# Comptia Security Plus



## gdorlexa (May 2, 2009)

Hi all--what is the best Security Plus study guide out there that will increase chances of passing the exam for the first attempt? 

There are so many , it's hard to choose

Likewise for the CISSP


----------



## JMPC (Jan 15, 2011)

The best one is the one that works well for you. I would suggest:
CompTIA Security+: Get Certified Get Ahead: SY0-301 Study Guide: Darril Gibson: 9781463762360: Amazon.com: Books
or
CompTIA Network+ Certification All-in-One Exam Guide, 5th Edition (Exam N10-005): Michael Meyers: 9780071789226: Amazon.com: Books

You could also try:
Professor Messer's Free CompTIA SY0-301 Security+ Training Course | Professor Messer - CompTIA A+, Network+, Security+, Linux, Microsoft Technology Training


----------



## greenbrucelee (Apr 24, 2007)

It depends on your experience level.

Security + isn't an entry level cert and isn't designed for someone who wants to be in security, it is designed for people who work in that area.

CISSP on the other hand is for security pros who have extensive experience in the area.

Security + is a grey area as many people get it without experience and just through study and it doesn't harm them when looking for jobs. However if you got CISSP with no work experience you would find it hard to get a job as its designed as I said for people with extensive experience.

The books mentioned are good ones.


----------



## BosonMichael (Nov 1, 2011)

I can't recall which Security+ book we used for a reference for our practice exam product... will try to remember to check tomorrow.



greenbrucelee said:


> However if you got CISSP with no work experience you would find it hard to get a job as its designed as I said for people with extensive experience.

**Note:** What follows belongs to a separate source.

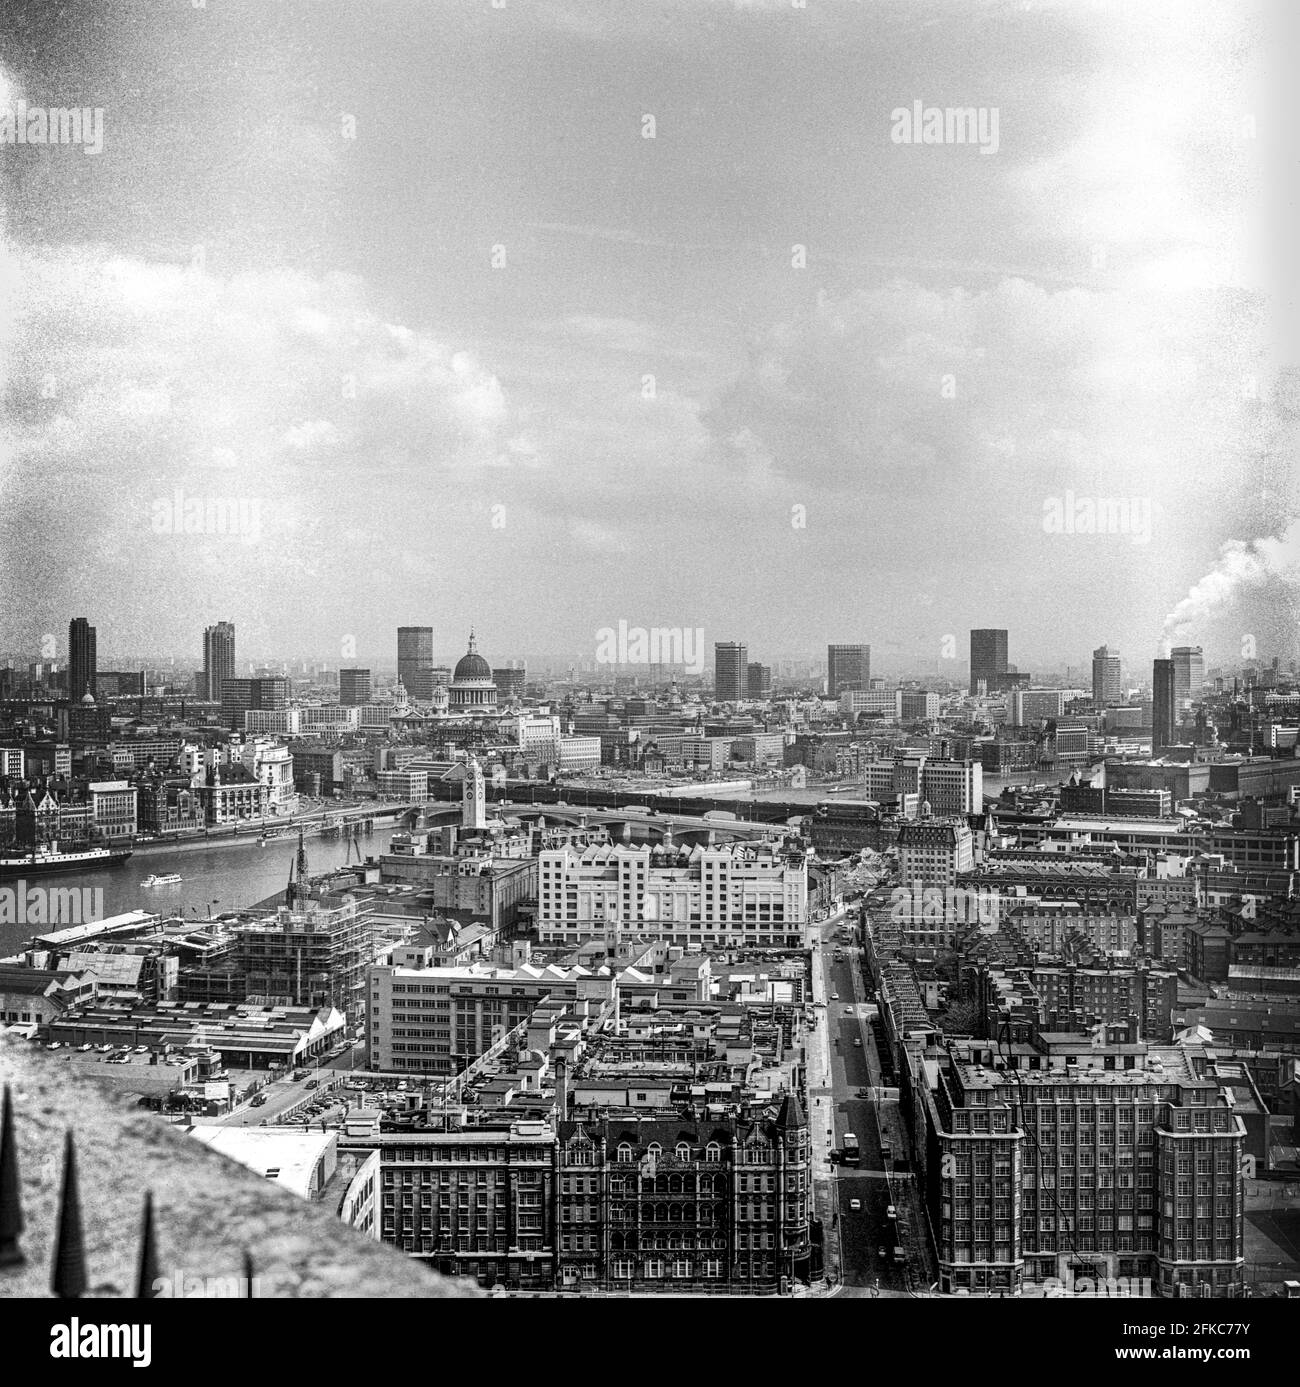 Vista del horizonte de la ciudad de Londres desde el Shell Center, Londres, Reino Unido - tomada en 1971 Foto de stock

 You can't get the CISSP without experience. Before you can even register for the exam, you have to submit your resume (complete with relevant work experience) and have another CISSP vouch for you.


----------



## T_Rex (Oct 21, 2012)

You can register for the exam but you can't _take_ it until the resume submission is given and accepted. This varies by submission-to-company. I have helped 11 people submit and pass this exam.


----------